Future Group recently entered into an exclusive deal with Amazon while Croma (owned by Tata Group) did the same with Snapdeal. The strategy was leveraging each others’ strengths and innovation in technology to reach out to a wider range of audience. They are trying to sell private brands online.

In a similar yet opposite fashion, online brands like FirstCry.com are opening up physical stores to complement the experience of online buying. Following its footsteps, Amazon opened up its first offline store in India (Bengaluru) last month to make its presence felt offline.

#4 Riding on Flash Sales

Flash sales are like a flood of great offers but for limited time. They work upon the psychology of both a limited supply and limited time, i.e., the fear of missing out on a great deal. Such flash sales have been the main source of revenue in past for US sites like Groupon and LivingSocial, which not only helped them gain media buzz but also maintained merchant enthusiasm for years. Off late, these deals have taken the route to India and disrupted the ecommerce arena.

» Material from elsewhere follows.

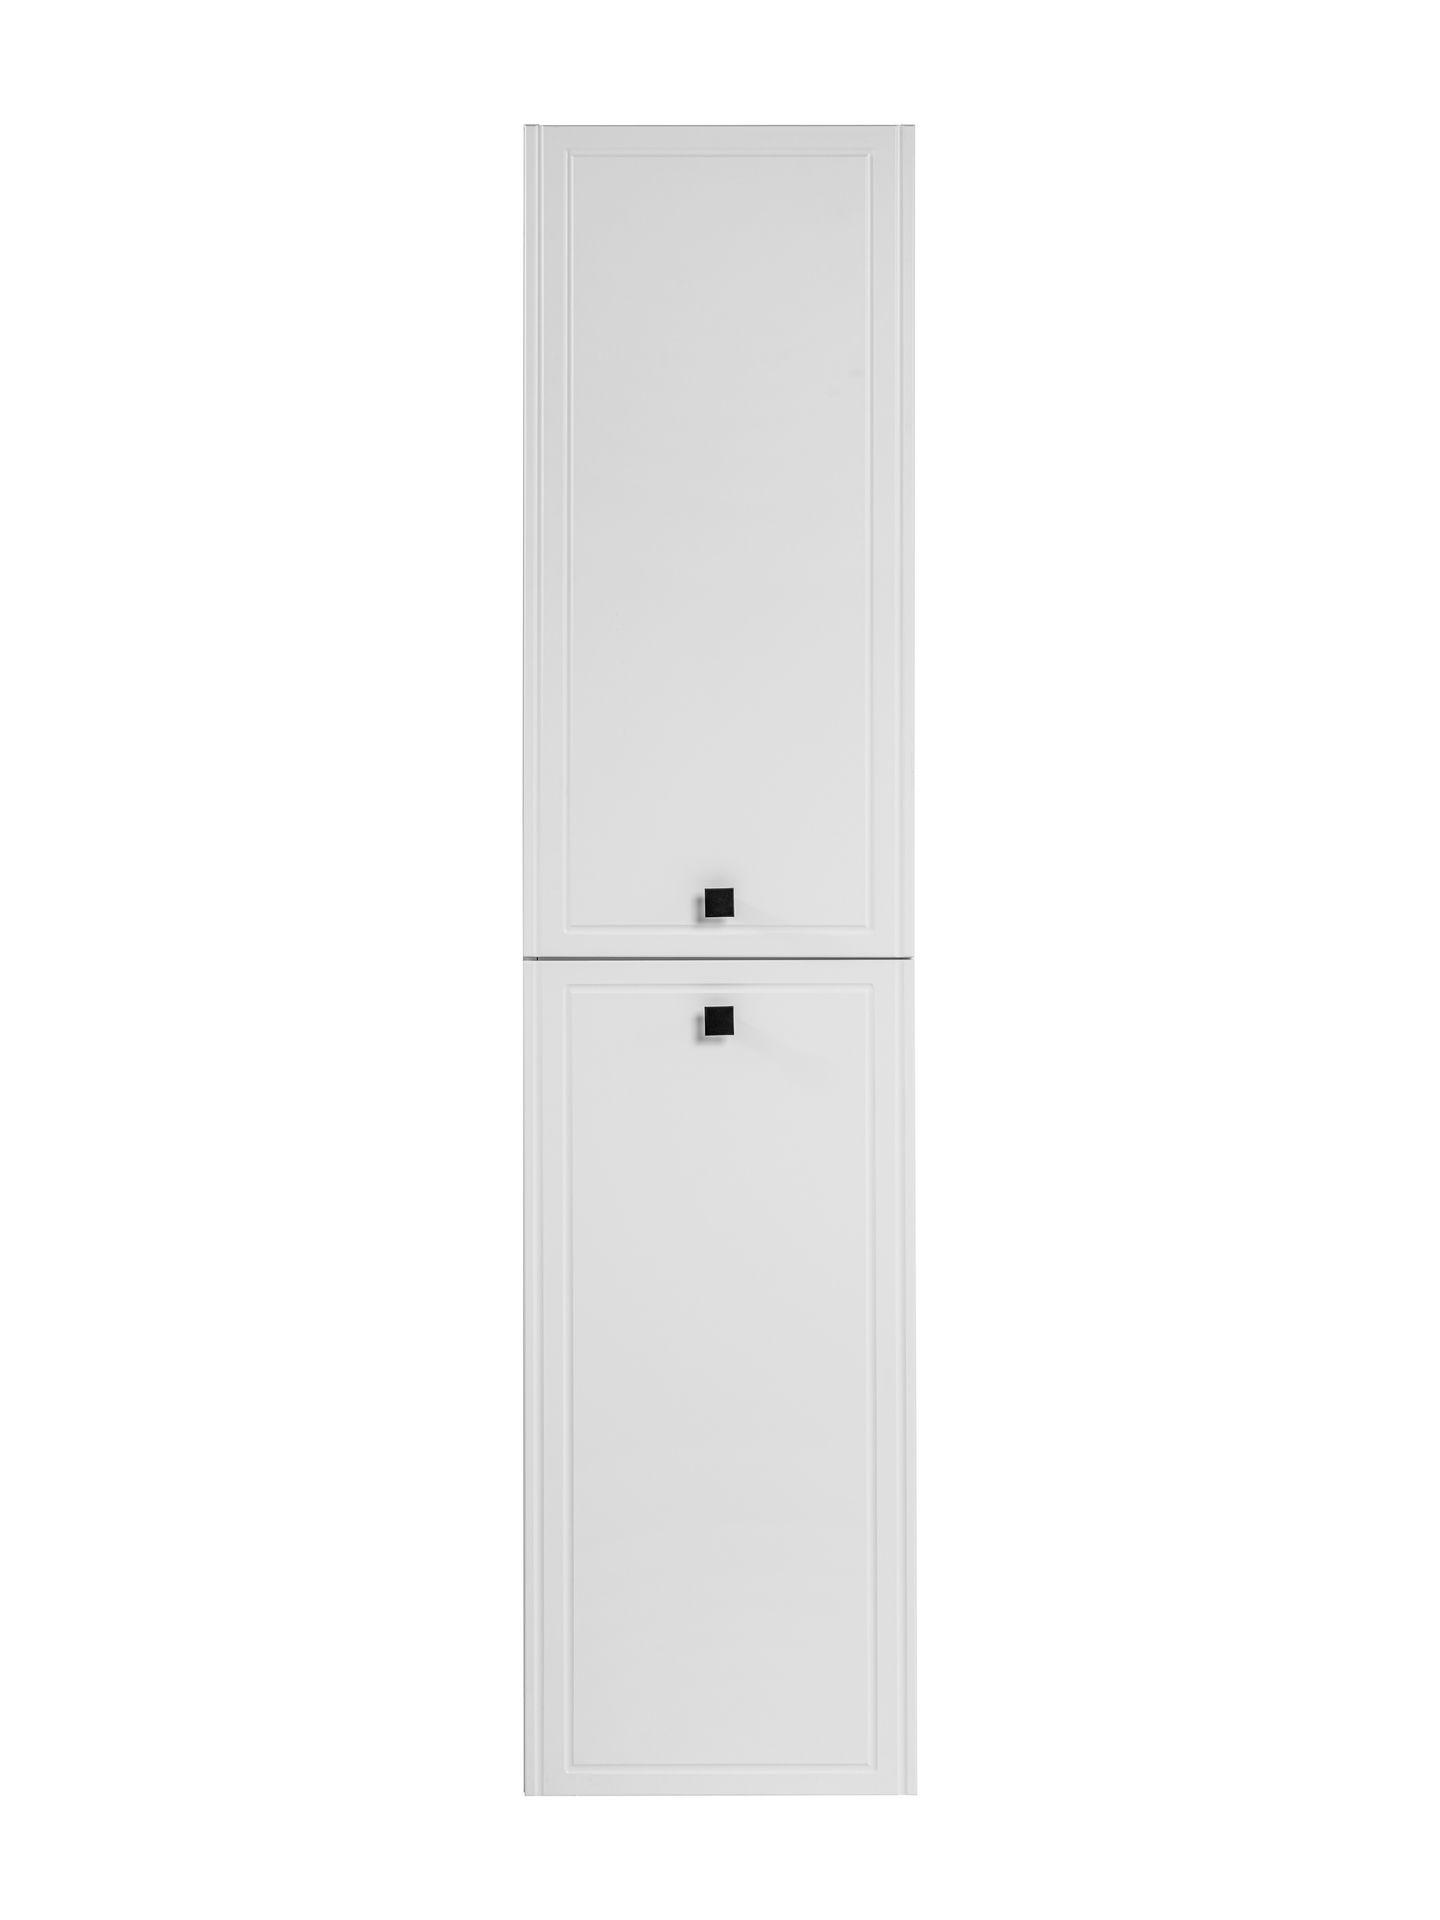 ArtCom Kúpeľňová zostava HAVANA White Havana: Vysoká skrinka Havana 80-01 - 170 x 40 x 33 cm

However, flash sales in India are limited to special festive days, for example, Flipkart’s Big Billion Day sale, Amazon’s Great Indian Festive Sale, and SnapDeal’s Festive Mondays during and after Navratri. The benefit of these sales is that they clear up the past stock within minutes of their launch.

One mentionable example here is the case of  Micromax’s subsidiary Yu and its sale of Yureka smartphone on Amazon. Interested buyers had to register prior to the opening of the sale slot which held only a limited number of handsets. Quite astonishingly, all 25,000 of handsets were sold out within 5 seconds!

yureka sale on amazon

This was also an example of how these sales can be used for quick experimentation and introduction of new products and services. While Snapdeal opens up most of its sales to anyone who comes to their online shop from all sorts of devices, Amazon bids on its app by frequently announcing Appiness Day sales where one can bag huge discounts if purchasing through their mobile app.

With such sales becoming more frequent and ‘expected’, online retailers are trying hard to differentiate themselves from their competitors. In such a bid, SnapDeal took a different route. It acquired a luxury brand, Exclusively.in, in an attempt to attract the aspirants of high-end luxury products and services. Flipkart also did a similar gig by providing Chinese smartphone manufacturer, Xiaomi, a whitelabel platform for a scaling and executing multiple flash sales.

#5 The Rise of Subscription-based Ventures

A while ago, we raised a question that whether subscription model is a viable option for ecommerce or not, and answered it too. However, with the successful rise of ecommerce subscription services like birchbox, naturebox and also their Indian counterparts like, HealthKart and Flinto, there is now no shadow of doubt. Subscription ecommerce is a trend that all online retailers can and should embrace.

The three legs of the success tripod of this model are product discovery, demo, and utility. Companies enjoy the flexibility of the model, having a predictable inventory, easy road to upsell, steady (and recurring) cash flow and the pace of developing deep customer relationships. By adopting this model, companies save their skin on price wars, stockpiling and wastage.

Customers, on the other hand, love the experience of try-before-buy, discovering new products every time and access to high-end brands at very low prices, that too when they are delivered at their doorsteps. This helps in brand amplification and referrals both through word-of-mouth and social media.

Further, the benefits are not restricted to the buyers and sellers. The suppliers are on a roll too. They enjoy the opportunity to test new products by sending free samples to the targeted audience.

Summing it all

The way ecommerce is going, the end goal of every upcoming business seems to be centered around the customer. As innovation becomes their strong arm, entrepreneurs are creating new ecommerce verticals with path-breaking ideas. It doesn’t matter which business model they adopt, they are focused on creating unique and unforeseen shopping experience for their customers. And these emerging experiences are laying ground for retailers to reach their customers in newer ways.